In everything we do the emphasis is on standards, quality and improvement because we want young people, whatever their background, to be able to excel. That’s why we are working hard to give young people access to a growing suite of online resources so that they can continue to refine their technical and mindset skills so that they are work-ready for the future. That’s why we are reviewing our skills competitions so that in areas that are critical to the economy, such as digital, we can be confident that we are at the cutting edge and giving young people skills that the country needs. And that’s why we are setting up a Centre of Excellence in partnership with NCFE to share our world-class skills expertise with a range of colleges, to inspire excellence in teaching, learning and assessment to support 40,000 young people reach their full potential.

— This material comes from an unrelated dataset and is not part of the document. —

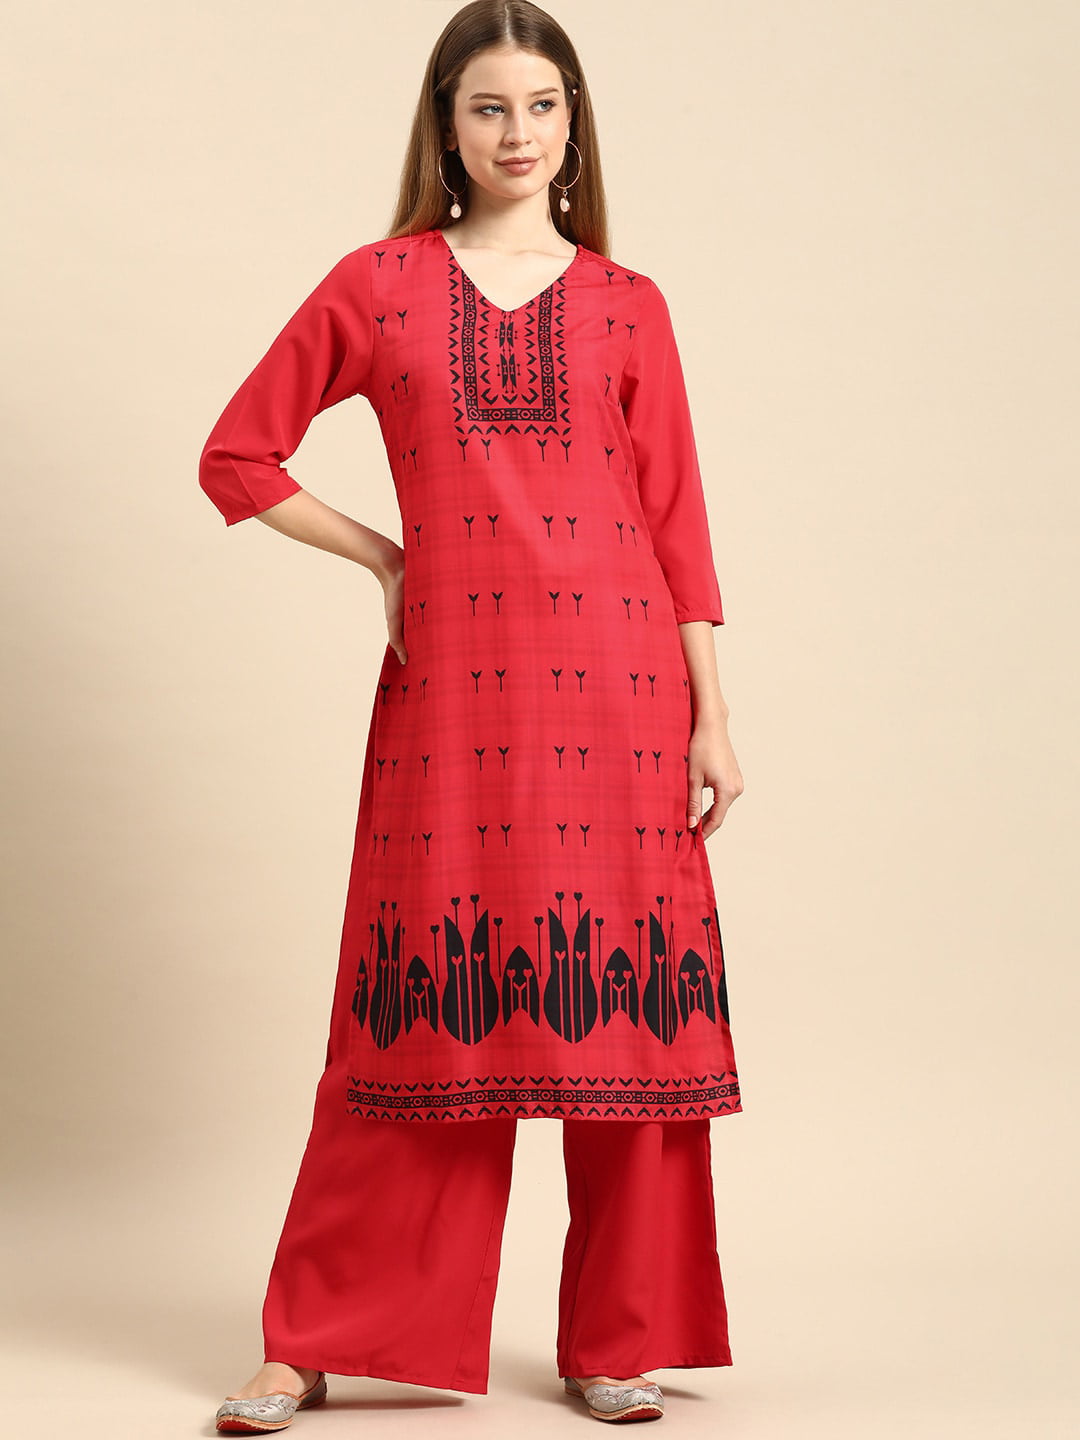 A-Line Kurtas - Buy from Latest Range of A-Line Kurtis Online at Myntra

The announcements last week give me confidence that the Government understands how instrumental technical education can be in making sure we provide opportunities for all, level up our economy and tackle the UK’s longstanding productivity puzzle. As ever, the devil will be in the detail, both in the Chancellors’ short-term fixes and the Education Secretary’s longer-term FE strategy. But we must embrace the challenge because we need high quality skills more than ever: skills to help attract inward investment, skills to power our public services, skills to give all young women and men the opportunity to succeed.

While the FE White Paper will be focused on the English skills system I believe there is an opportunity through our work to help raise standards in technical education in all four nations of the UK and I look forward to working with all of our partners in governments, business and education to make it happen.